# Upload experimental models to Hugging Face Model repositories
This notebook is a helper for uploading pre-trained models to Hugging Face. It allows you to add README info for experiments at upload time for better documentation. 

*First*: Make sure that you have added your HuggingFace Hub token in some way or logged in on the command line via `huggingface-cli login`

In [1]:
from huggingface_hub import HfApi
from huggingface_hub.utils import HfHubHTTPError
import transformers

from pathlib import Path

  from .autonotebook import tqdm as notebook_tqdm


In [None]:
# Model name prefix to 
MODEL_ROOT = Path("../data/models/")
ALL_MODELS_README = """
---
license: mit
language:
- en
pipeline_tag: automatic-speech-recognition
---
# About 
This model was created to support experiments for evaluating phonetic transcription 
with the Buckeye corpus as part of https://github.com/ginic/multipa. 
This is a version of facebook/wav2vec2-large-xlsr-53 fine tuned on a specific subset of the Buckeye corpus.
For details about specific model parameters, please view the config.json here or 
training scripts in the scripts/buckeye_experiments folder of the GitHub repository. 

# Experiment Details
"""

# Specific sets of experiments have more details.

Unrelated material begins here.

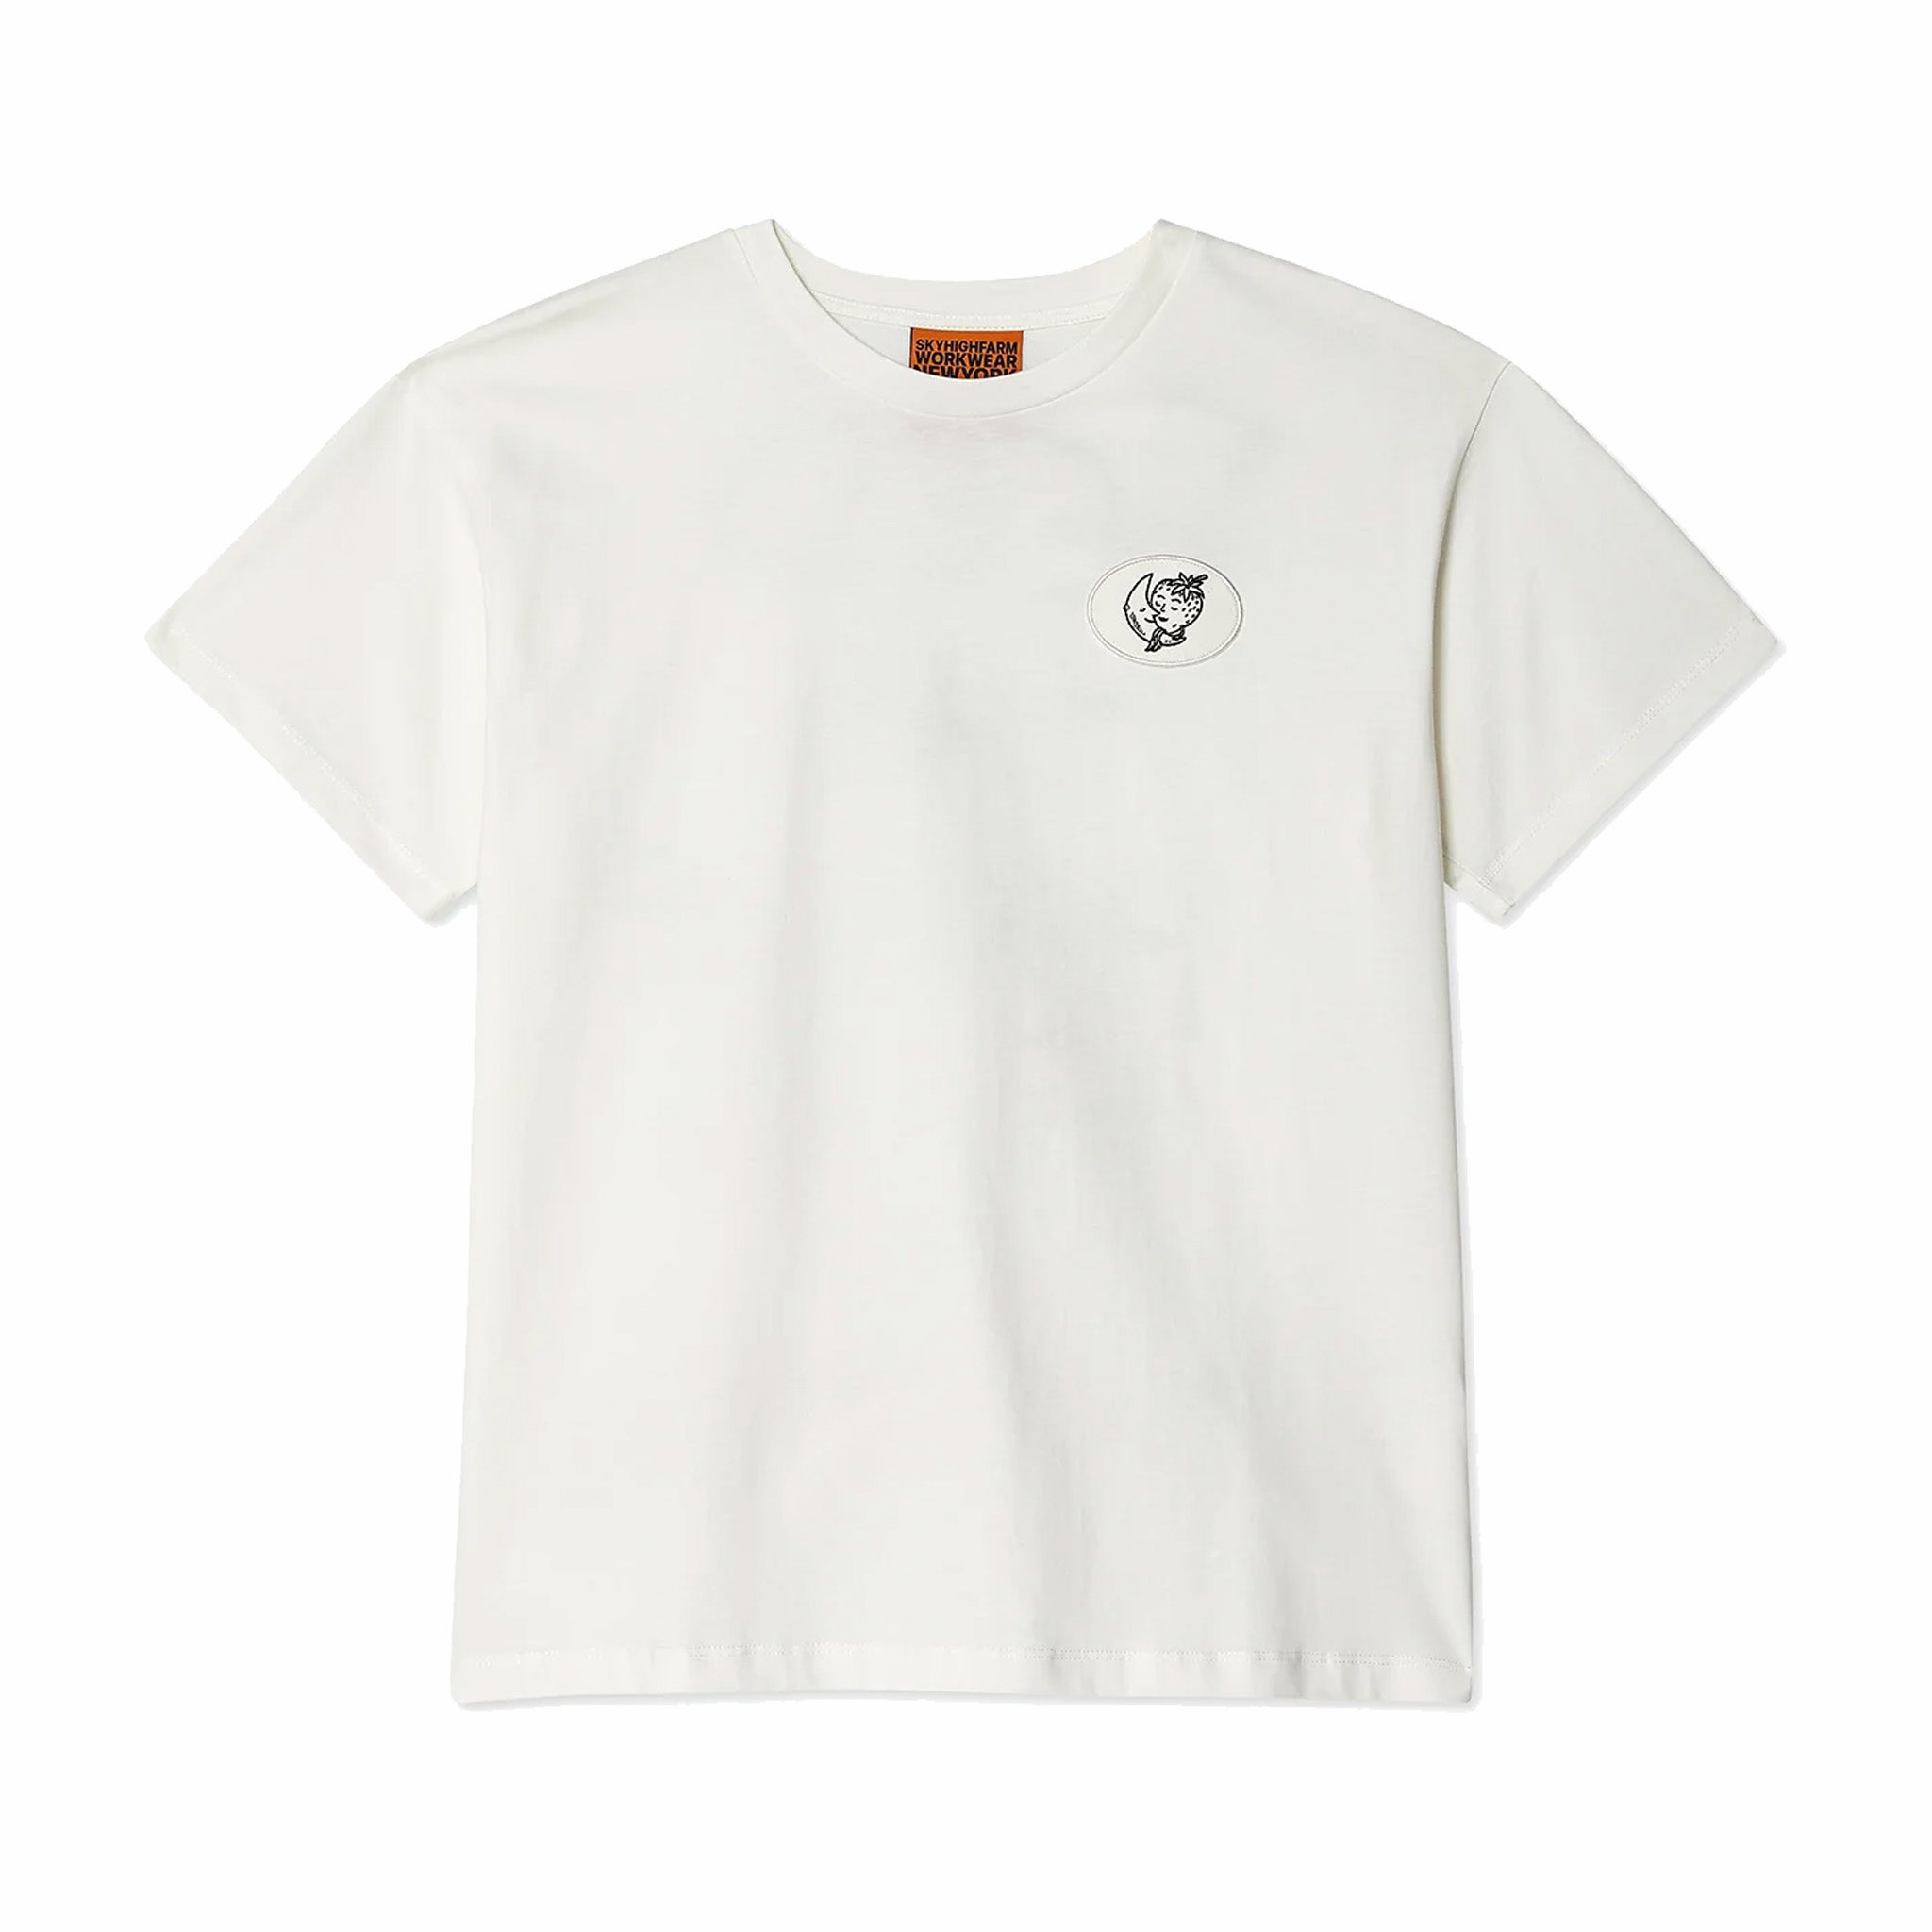 Sky High Farm Workwear Alastair McKimm Workwear T-Shirt (White) - August Shop

I just copied these from the EXPERIMENT_LOG.md 
README_MAPPINGS = {
#     # This was the best hyperparam tuned model & these model parameters were used for all other experiments
#     "hyperparam_tuning_1":"""The best performing model from hyperparameter tuning experiments (batch size, learning rat, base model to fine tune). Vary the random seed to select training data while keeping an even 50/50 gender split to measure statistical significance of changing training data selection. Retrain with the same model parameters, but different data seeding to measure statistical significance of data seed, keeping 50/50 gender split. 

# Goals: 
# - Choose initial hyperparameters (batch size, learning rat, base model to fine tune) based on validation set performance
# - Establish whether data variation with the same gender makeup is statistically significant in changing performance on the test set (first data_seed experiment)
# """,
#     "data_seed_bs64": """Vary the random seed to select training data while keeping an even 50/50 gender split to measure statistical significance of changing training data selection. Retrain with the same model parameters, but different data seeding to measure statistical significance of data seed, keeping 50/50 gender split. 

# Goals: 
# - Establish whether data variation with the same gender makeup is statistically significant in changing performance on the test set

# Params to vary:
# - training data seed (--train_seed): [91, 114, 771, 503]
# """,

#     "gender_split": """Still training with a total amount of data equal to half the full training data (4000 examples), vary the gender split 30/70, but draw examples from all individuals. Do 5 models for each gender split with the same model parameters but different data seeds. 

# Goals: 
# - Determine how different in gender split in training data affects performance

# Params to vary: 
# - percent female (--percent_female) [0.3, 0.7]
# - training seed (--train_seed)
# """, 

#     "vary_individuals": """These experiments keep the total amount of data equal to half the training data with the gender split 50/50, but further exclude certain speakers completely using the --speaker_restriction argument. This allows us to restrict speakers included in training data in any way. For the purposes of these experiments, we are focussed on the age demogrpahic of the user.  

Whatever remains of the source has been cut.